Senior Manager/Associate Director, PV Operational Excellence
Remote
Job Description
Are you looking for a patient-focused, innovation-driven company that will inspire you and empower you to shine? Join us as a Senior Manager/Associate Director, PV Operational Excellence.
Here, you will be a vital contributor to our inspiring, bold mission.

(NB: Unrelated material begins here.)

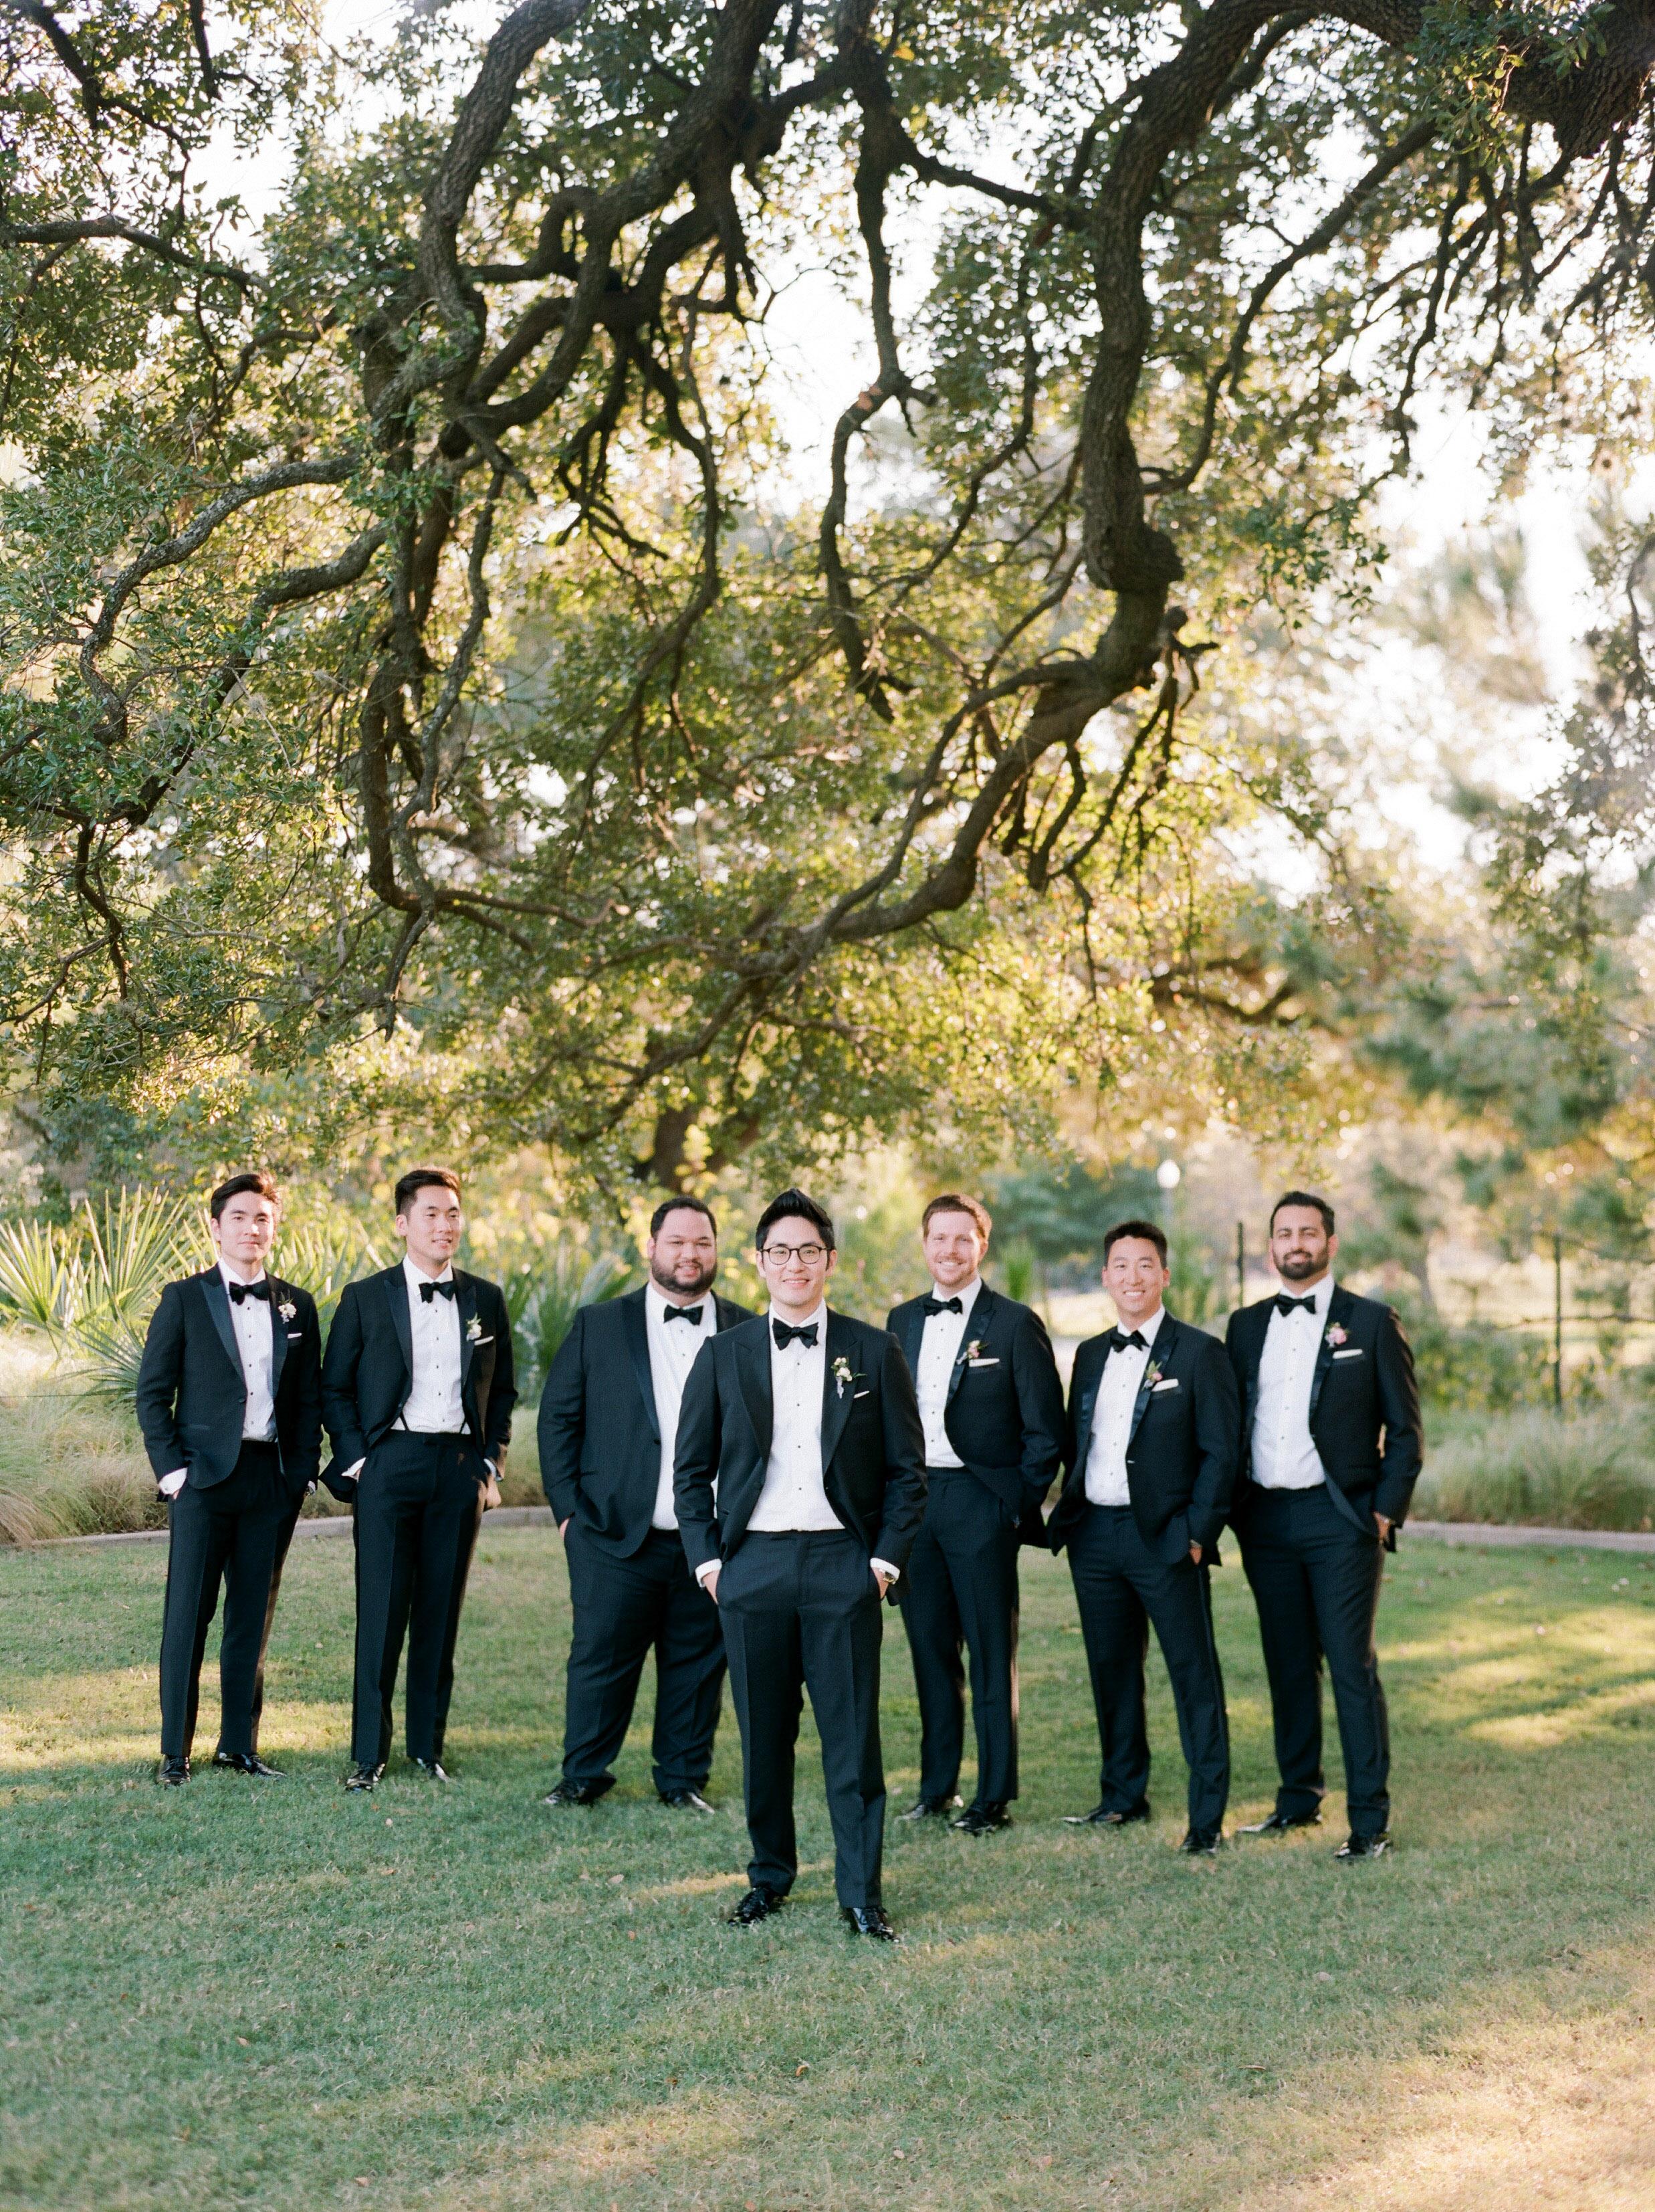 Martha-Stewart-Wedding-Dana-Fernandez-Photography-Josh-Texas-Film-Houston-Wedding-Fine-Art-Photographer-McGovern-Centennial-Gardens-Top-Best-17.jpg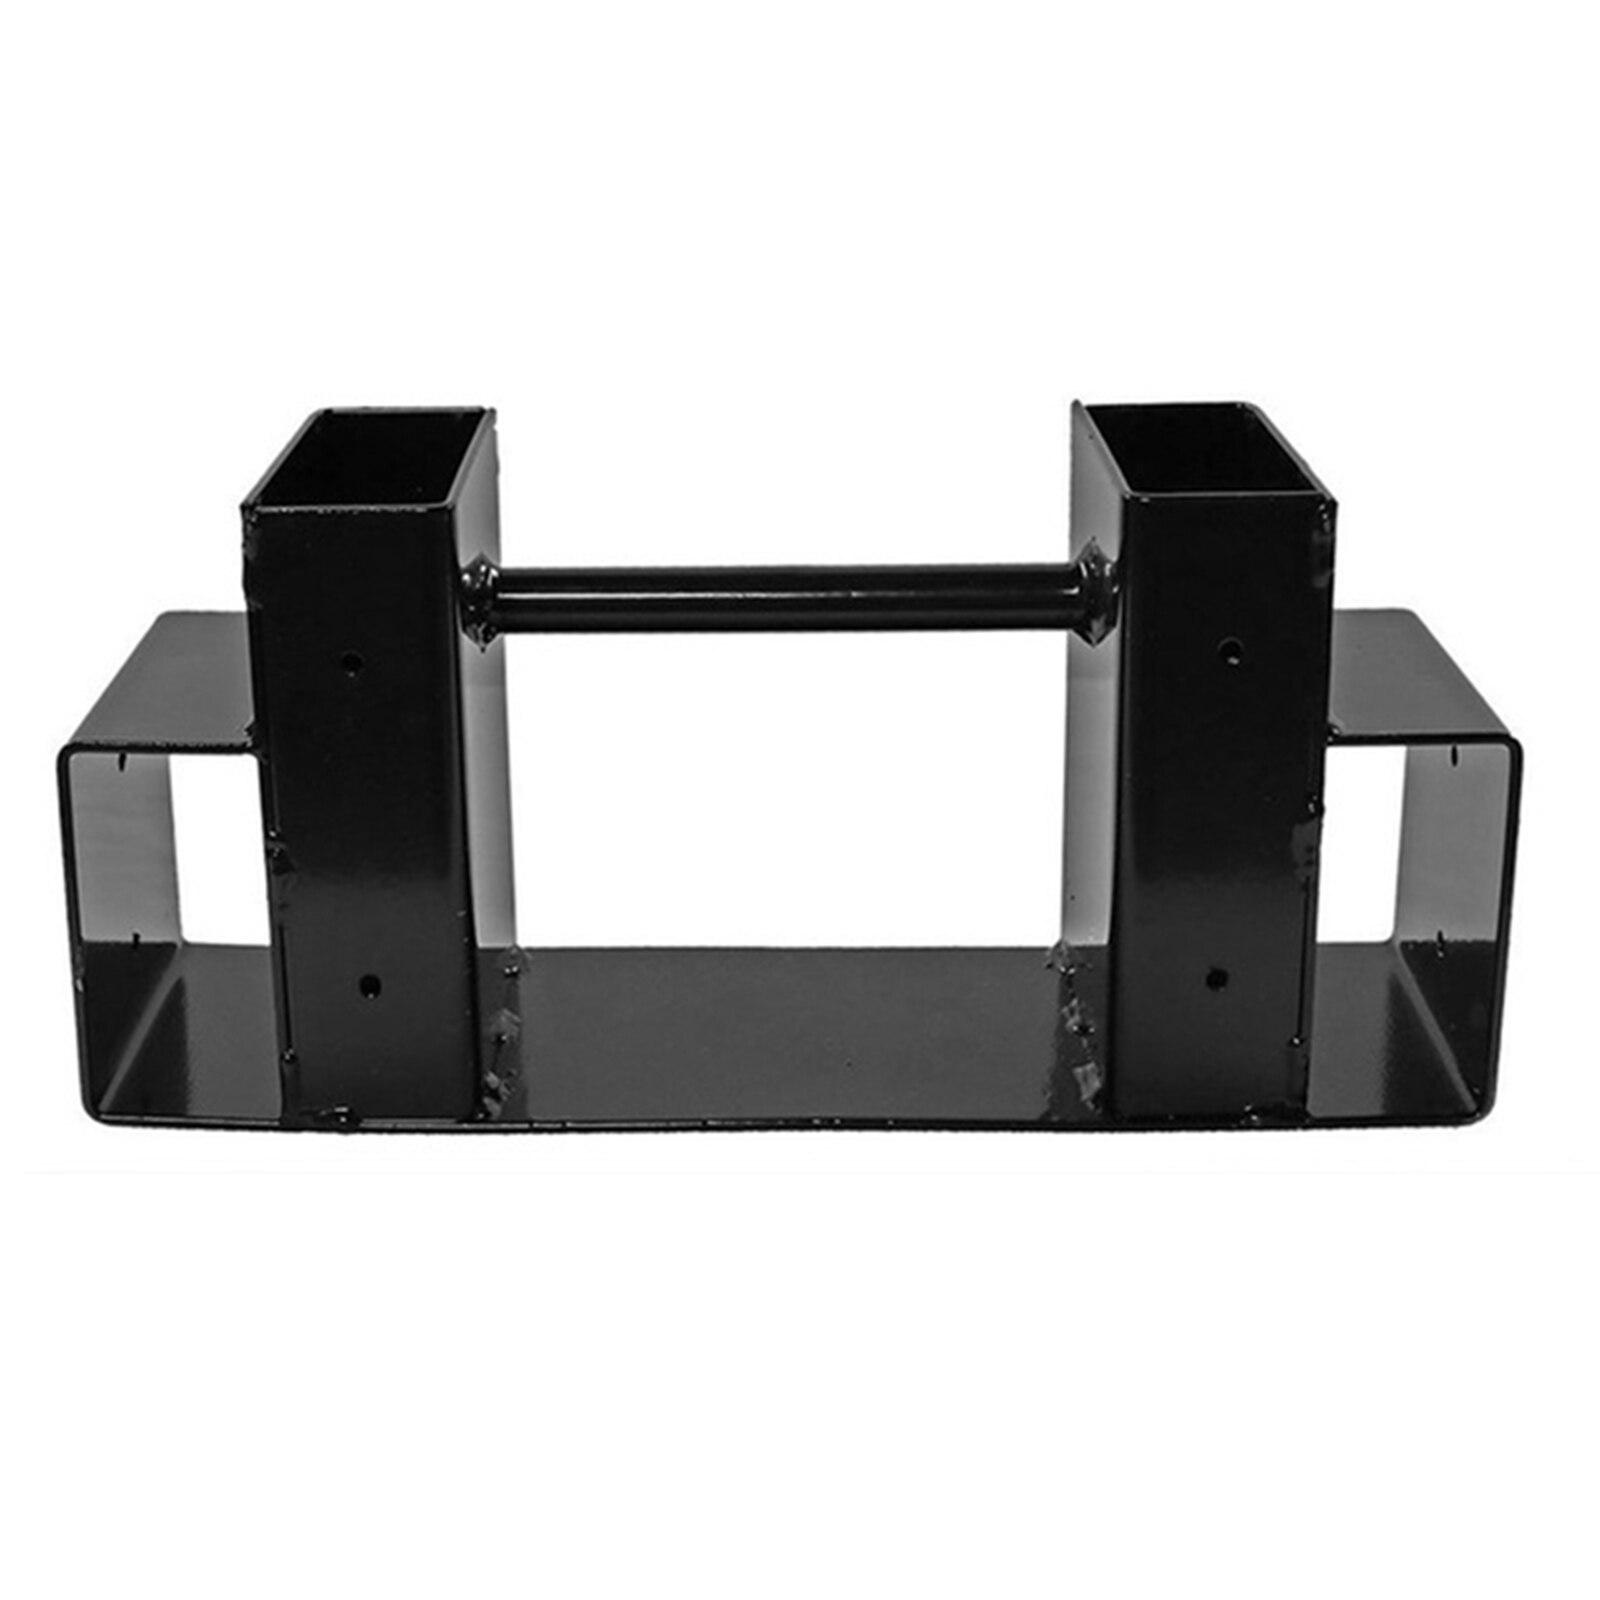 Firewood Log Storage Rack Bracket Kit with Screws Fireplace Wood Storage Holder Adjustable for Indoor/Outdoor Black TB Sale

As a Senior Manager/Associate Director, PV Operational Excellence, working on the GPSE team, you will be empowered to serve as a primary liaison and point of contact for vendor operations and vendor oversight, including vendors performing case management, case intake (i.e., Call Centers), scientific literature review, etc.
POSITION OBJECTIVES:
Oversee operations performed by the PV BPO vendor including contract compliance, quality and timeliness of deliverables.
Serve as the primary liaison and point of contact for vendor operations including the PV BPO vendor and/or vendors performing case management, case intake, literature review; call centers
Provide Subject Matter expertise (SME) during audits and inspections in the areas of case processing/case management activities, literature monitoring, legal case processing, vendor oversight, etc.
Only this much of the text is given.